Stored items
((

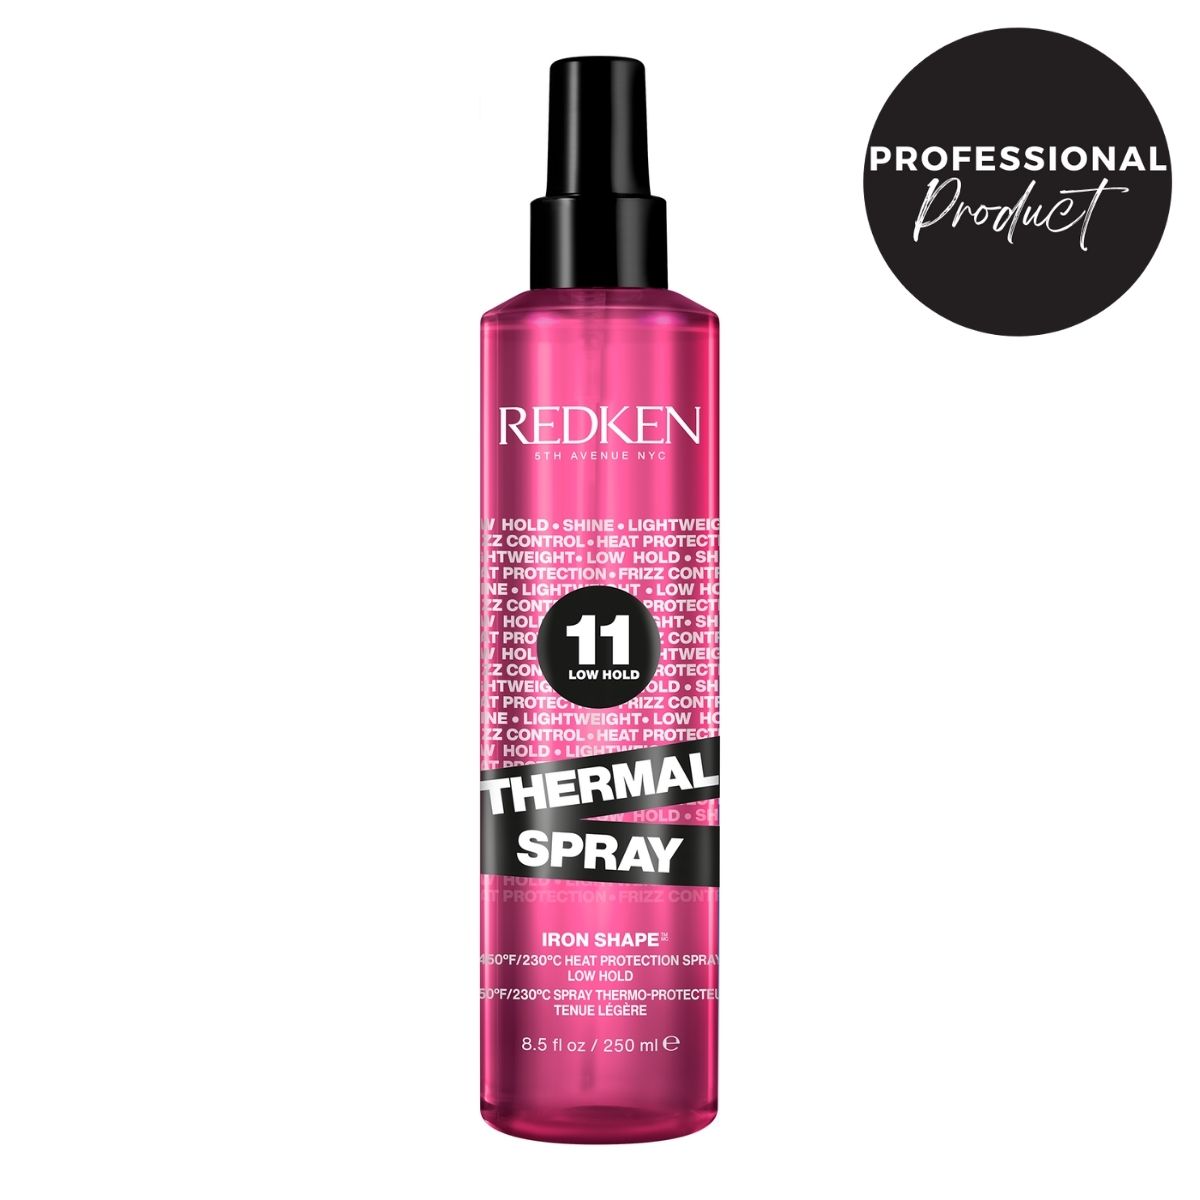 Redken - Redken Styling | Iron Shape Spray 250ml | Spray de protección térmica, ligero para peinados con herramientas de calor.
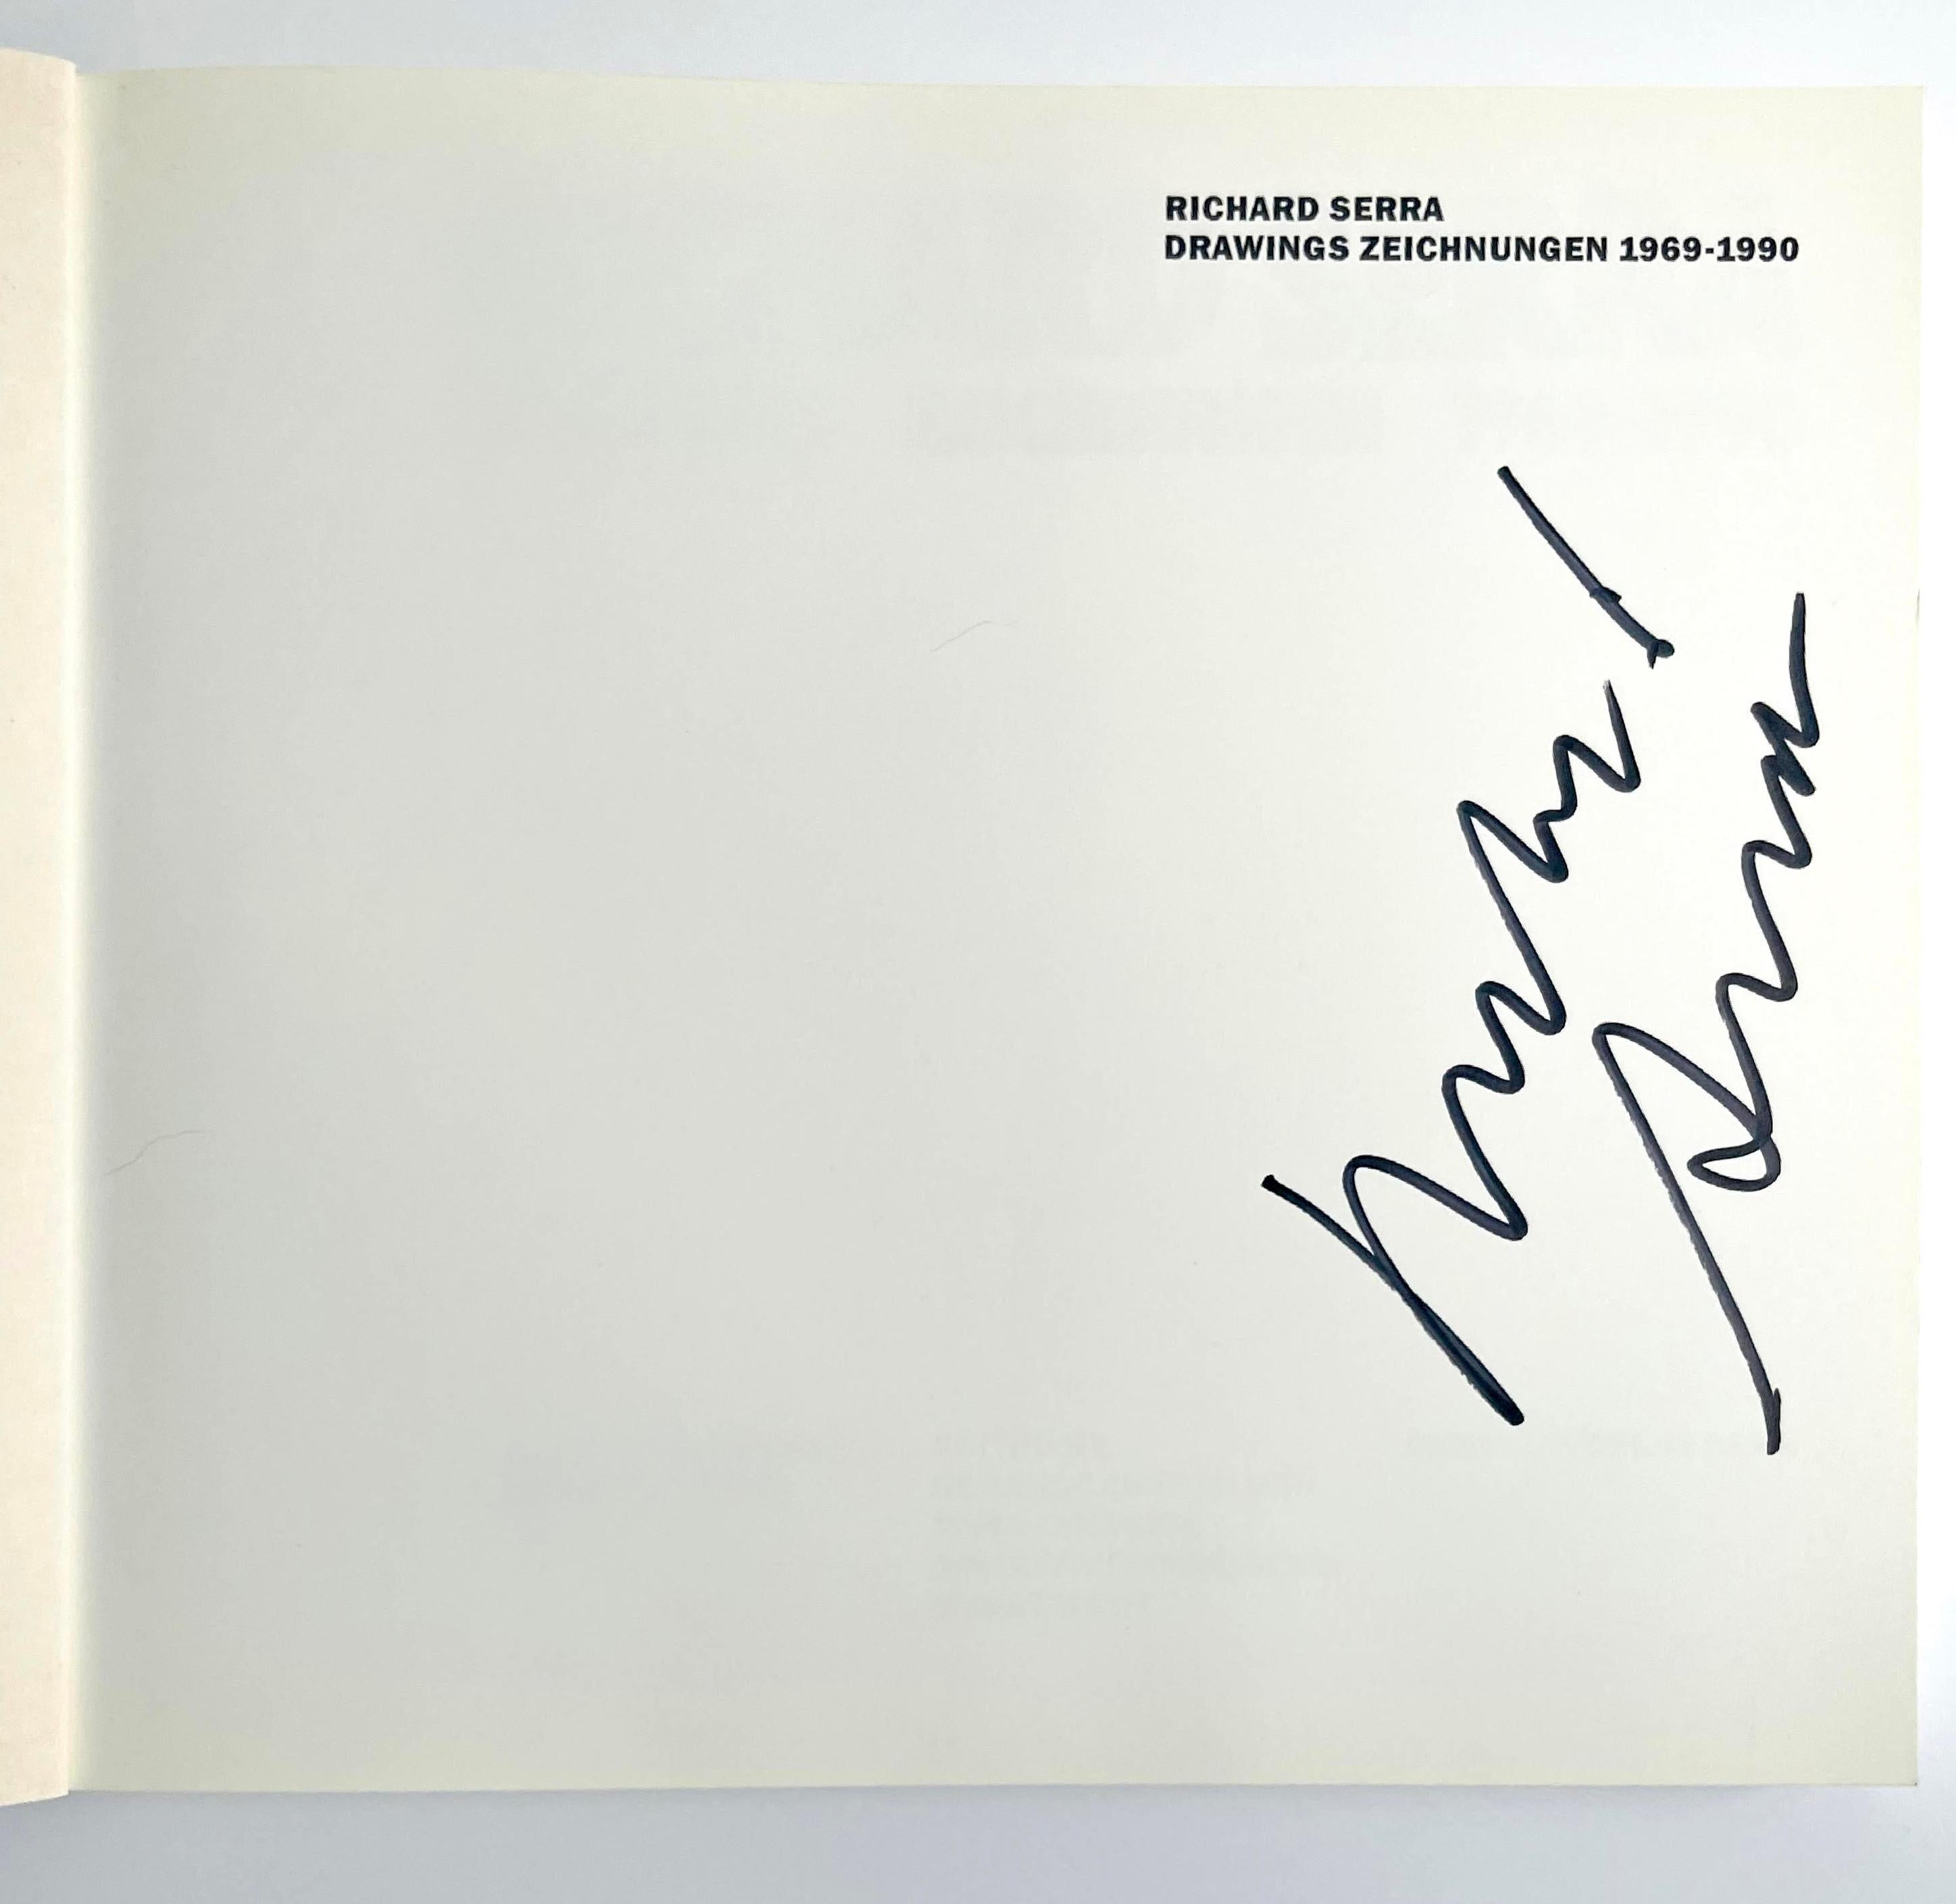 Richard Serra Zeichnungen 1969-1990 (Handsigniert von Richard Serra), 1990
Broschierte Monographie Buch (Handsigniert von Richard Serra)
Handsigniert von Richard Serra auf der halben Titelseite
9 3/4 × 11 × 1 Zoll
Dieses Softcover-Buch ohne
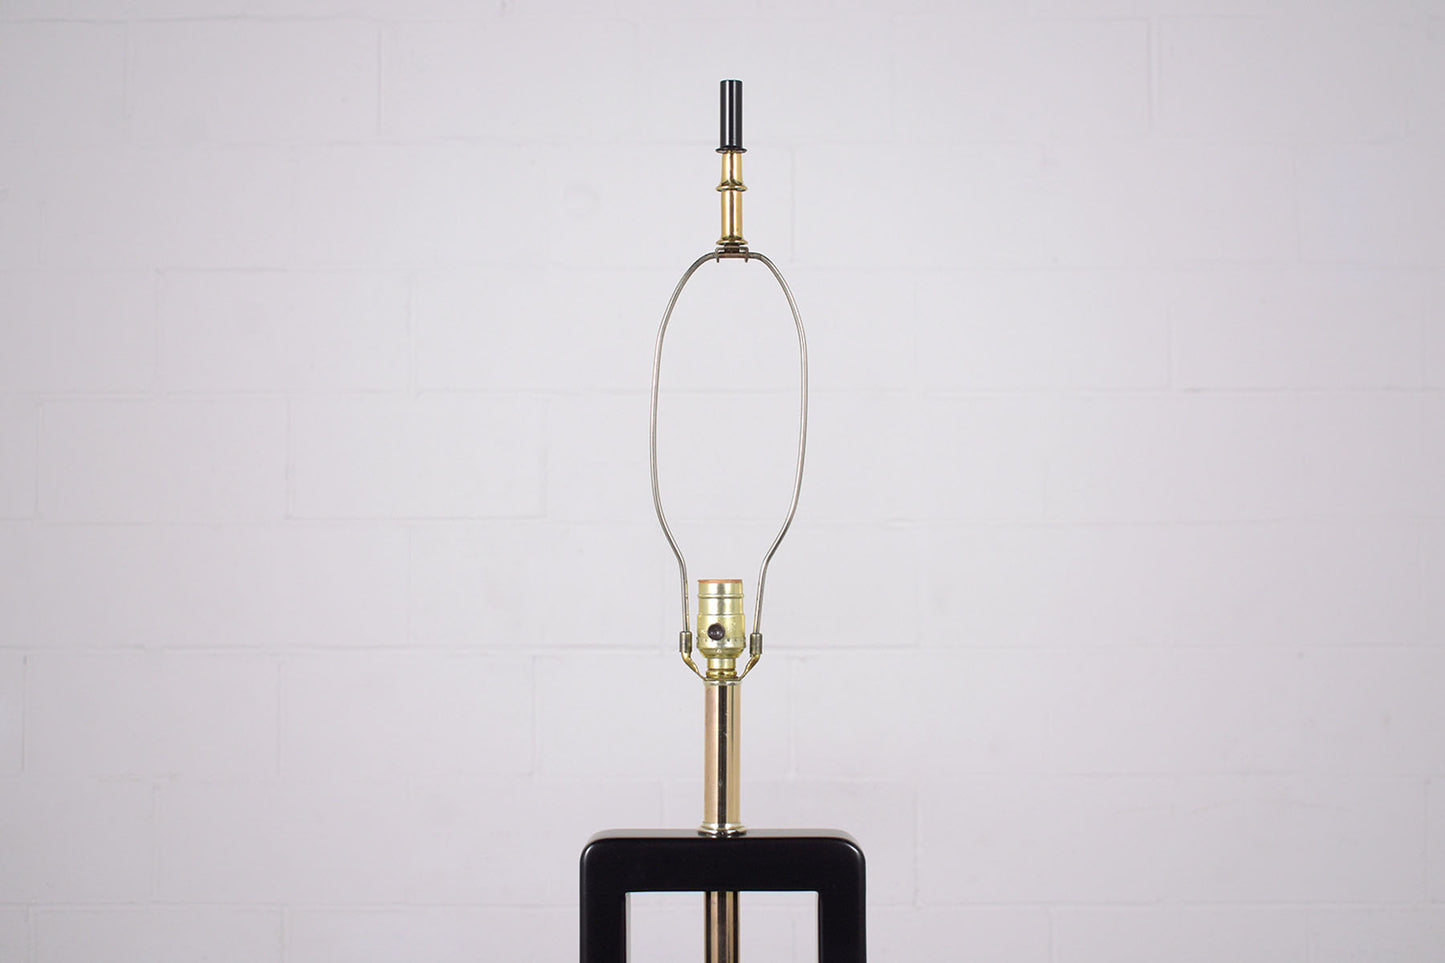 Vintage 1970s Mid-Century Modern Brass Floor Lamp
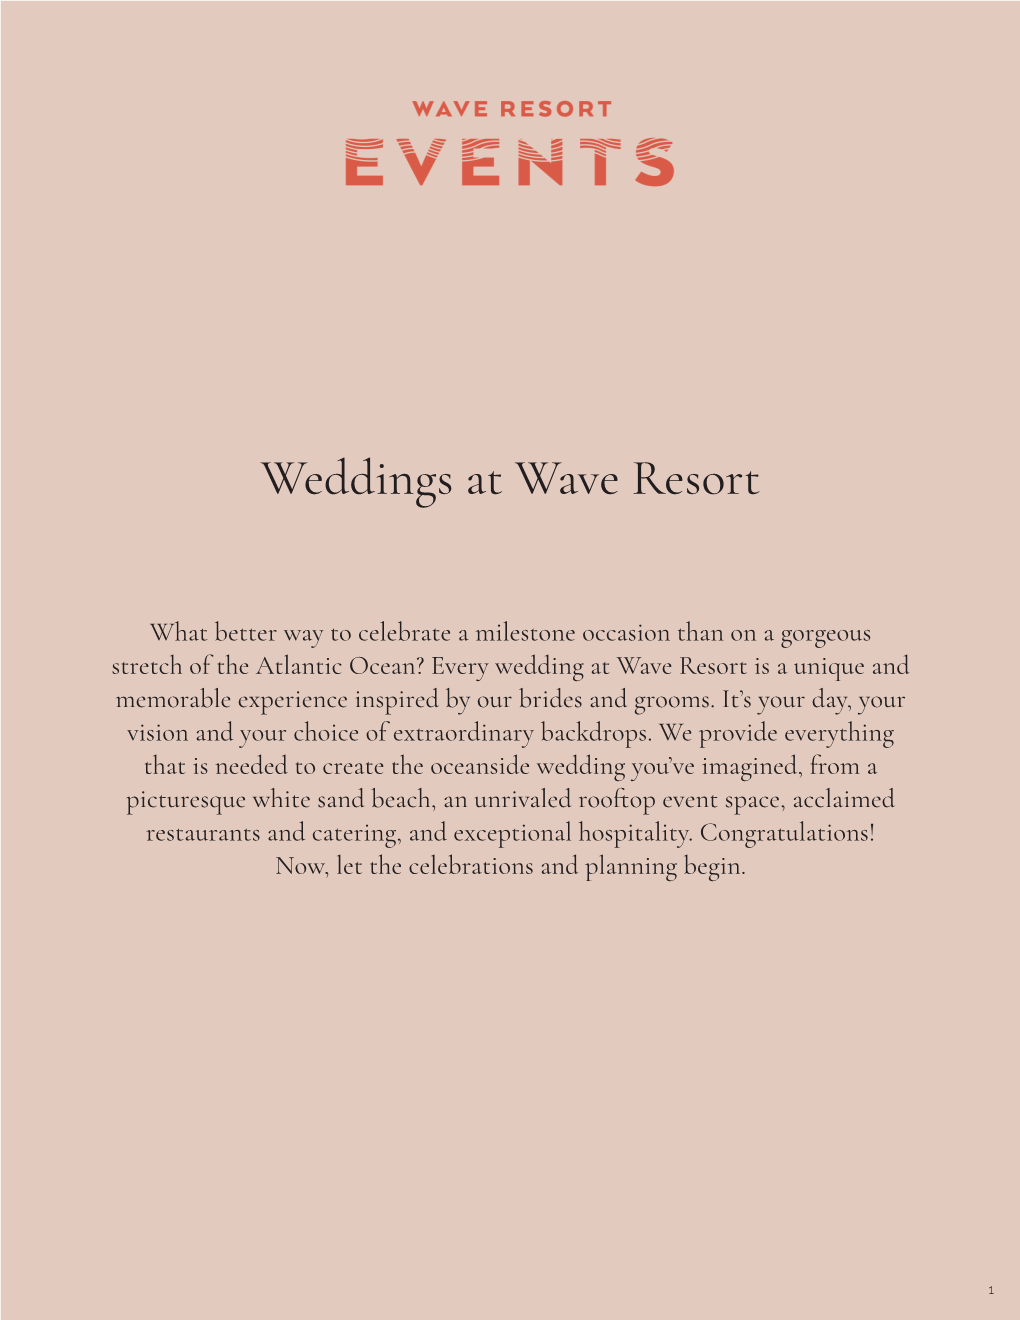 Weddings at Wave Resort

))

Return exactly, with no pictures, each line from the one that contains "9 3/4 × 11 × 1 Zoll" through the end of the entries above, both ends included.

9 3/4 × 11 × 1 Zoll
Dieses Softcover-Buch ohne
 Vintage 1970s Mid-Century Modern Brass Floor Lamp
 Weddings at Wave Resort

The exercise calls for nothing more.